# Islands ICE !!



## hearttxp (Dec 21, 2004)

Got a report this morning from a Friend who lives on North Bass Island.As far as he can see it is Ice ! It is starting again ! Will see what happens ? I might get some pic's from him I will post ?


----------



## NorthSouthOhioFisherman (May 7, 2007)

Mike, if she locks up this week and our small warm up doesn't turn out too bad, I believe there is hope...


----------



## 21579 (Jan 15, 2010)

This morning out of the Toledo shipping channel. 

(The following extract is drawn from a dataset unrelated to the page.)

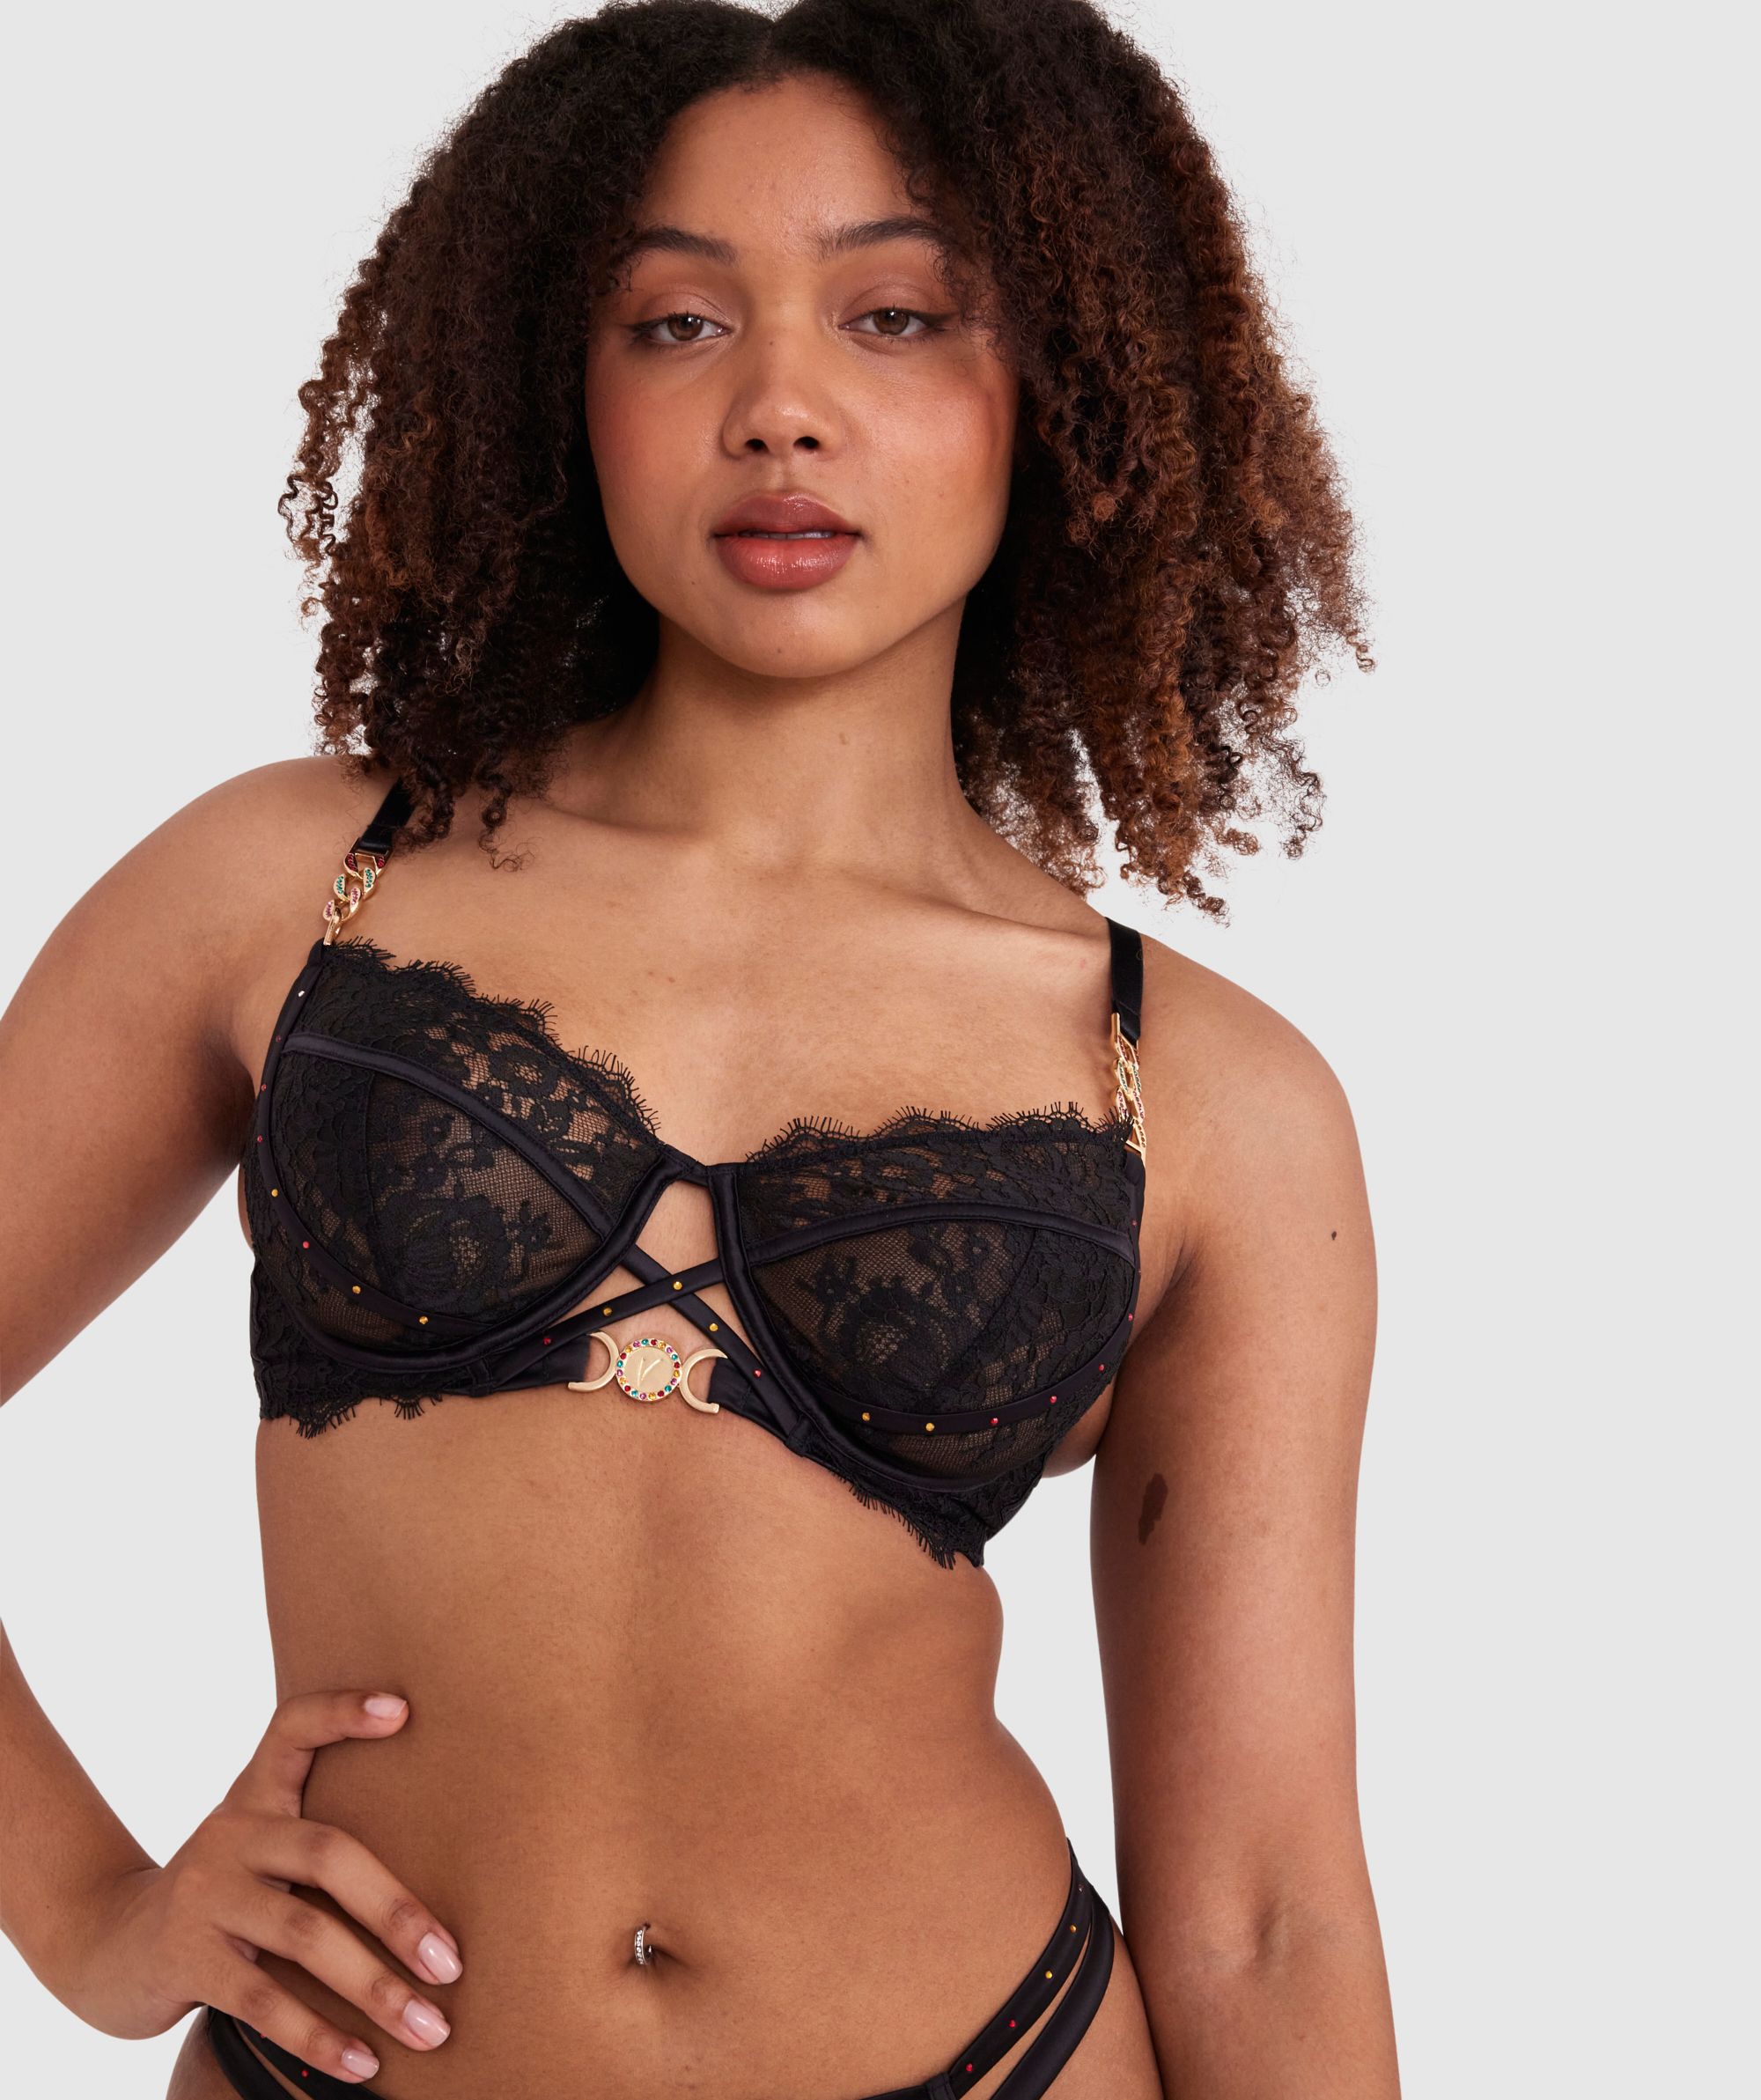 Bras N Things: Full cup FABULOUS + Your favourite lingerie sets and knicker  offers!

http://www.glerl.noaa.gov/metdata/tol2/


----------



## PARK92 (Apr 21, 2012)

oh hell yea! thanks for the update.


----------



## fishindude644 (Jan 12, 2011)

For now on Mich side. If ya look at the prev pics onn the cam at the lighthouse you can almost see it form.


----------



## Carpman (May 18, 2005)

I drove up to catawba this morning.......looks like ice just shy of south bass......green looked to be open water. Giant ice shoves where ice meets water. Couple weeks in close will be good or air boat to the islands.


----------



## kneedeep (May 10, 2008)

looks good, Lets hope this is a sign of things to come,
http://lakeweb1.viewnetcam.com:5000...ion=Move&SendMethod=1&Language=0&PanTiltMin=0


----------



## tadslyman (Apr 6, 2009)

Ice all around Middle Bass


----------



## hearttxp (Dec 21, 2004)

Between the Top two North Bass & Middle Bass ! Looking good!


----------